I'm a cheap bastard and hate the very idea of bribes. However, I am also a pragmatist and realize that the hard line of saying "No" isn't always your best choice. Here are two real examples:

1. Arrive in a new country and anchor outside the port containing the port captain and immigration. The officials see you arrive, jump in their little boat and come out to you to check you in. They tell you there is a $50 extra fee for the boat service. You refuse to pay it and tell them you will be right in to their offices to check in. They then never show up in their offices. For days they are always missing when you go in. They do, however, come around occasionally in their little boat offering to check you in.
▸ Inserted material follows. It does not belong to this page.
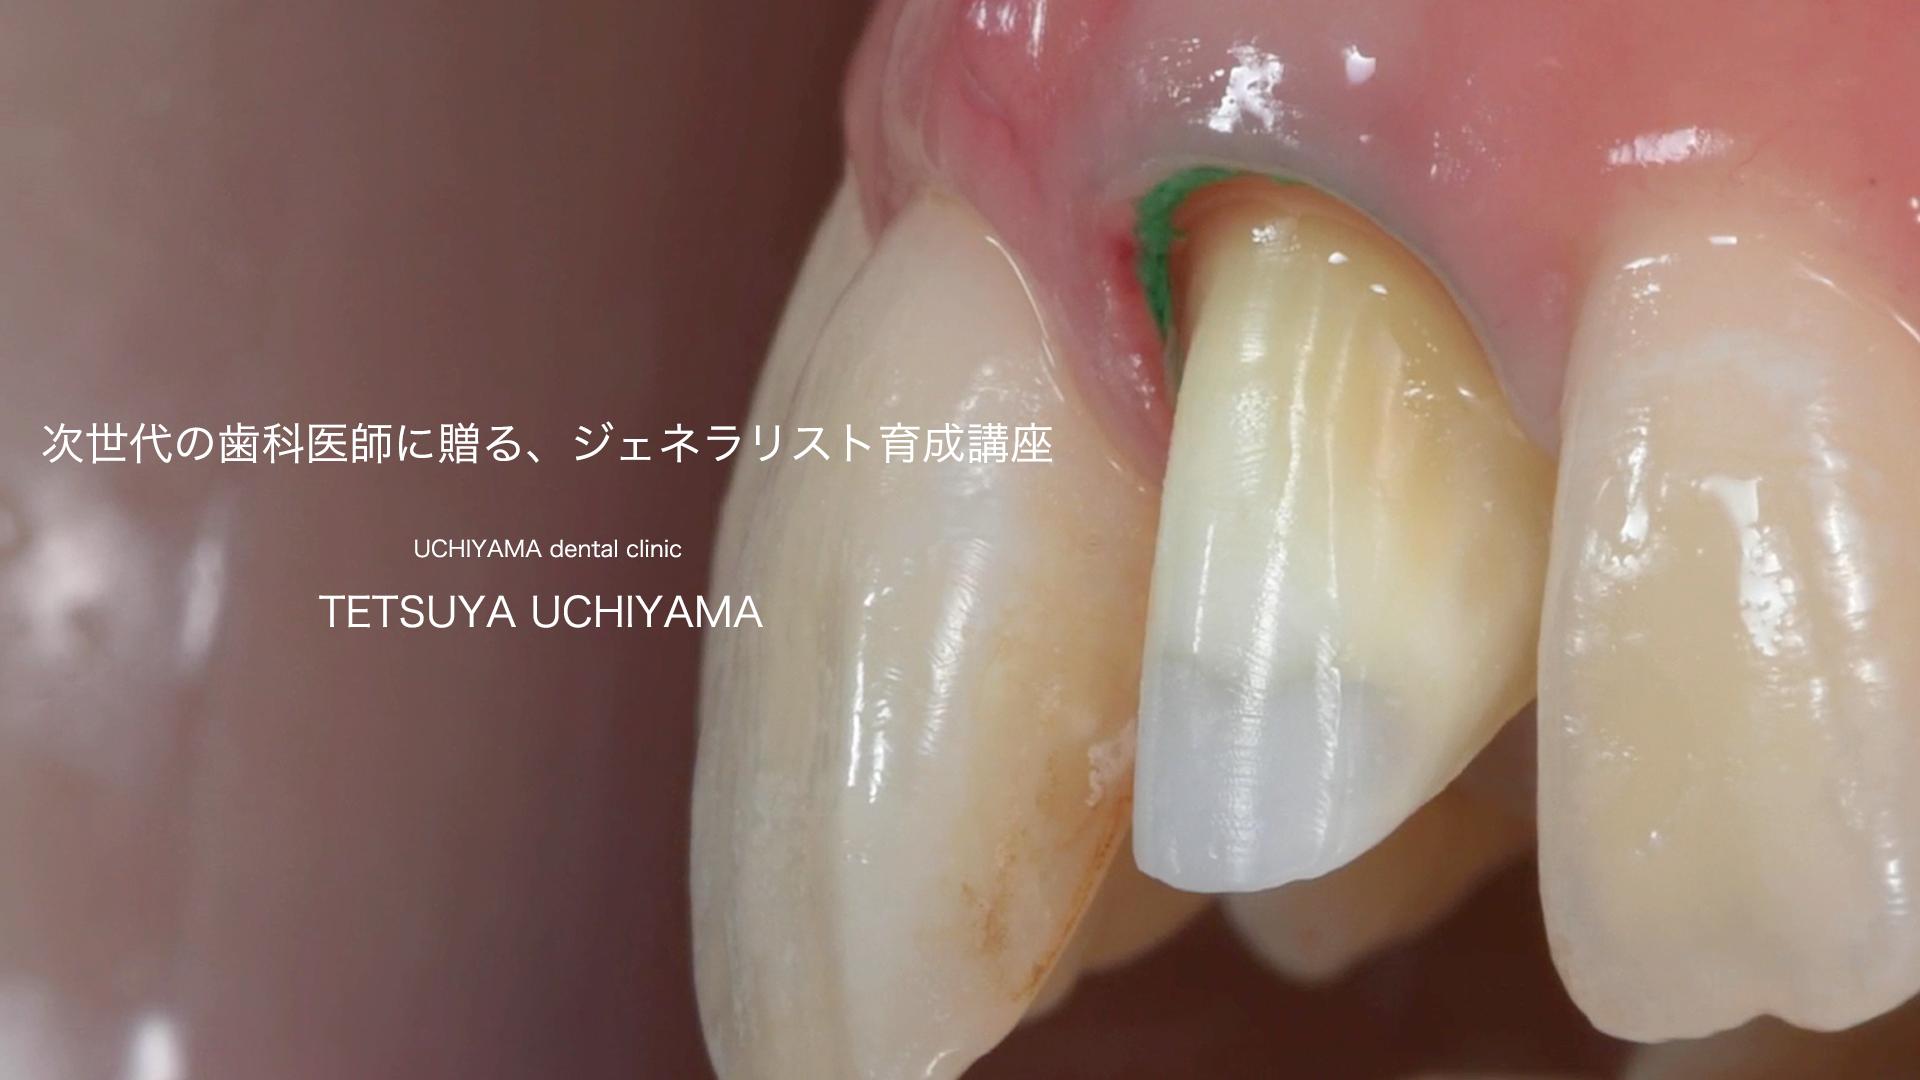 【内山徹哉先生】次世代の歯科医師に贈る、ジェネラリスト育成講座

2. Go to customs to pick up the warranty replacement parts for your boat. You have all the necessary paperwork, the parts are officially documented as $0 warranty replacements for a vessel in transit, yet the customs officer tells you you owe duty. A lot of duty - 50% of the cost of the part new. You contest, he argues. You ask to see his superior, but they are away. Your choice is to come back when the superior is there. This goes on for many days with you randomly returning only to find that your situation is the same. However, slipping the customs guy $20 gets your parts handed to you immediately.

What do all you principled people do in these situations? While we do said "no" the majority of the time, with mixed results, there are situations like the above where we are happy to forgo our principals and get on with cruising.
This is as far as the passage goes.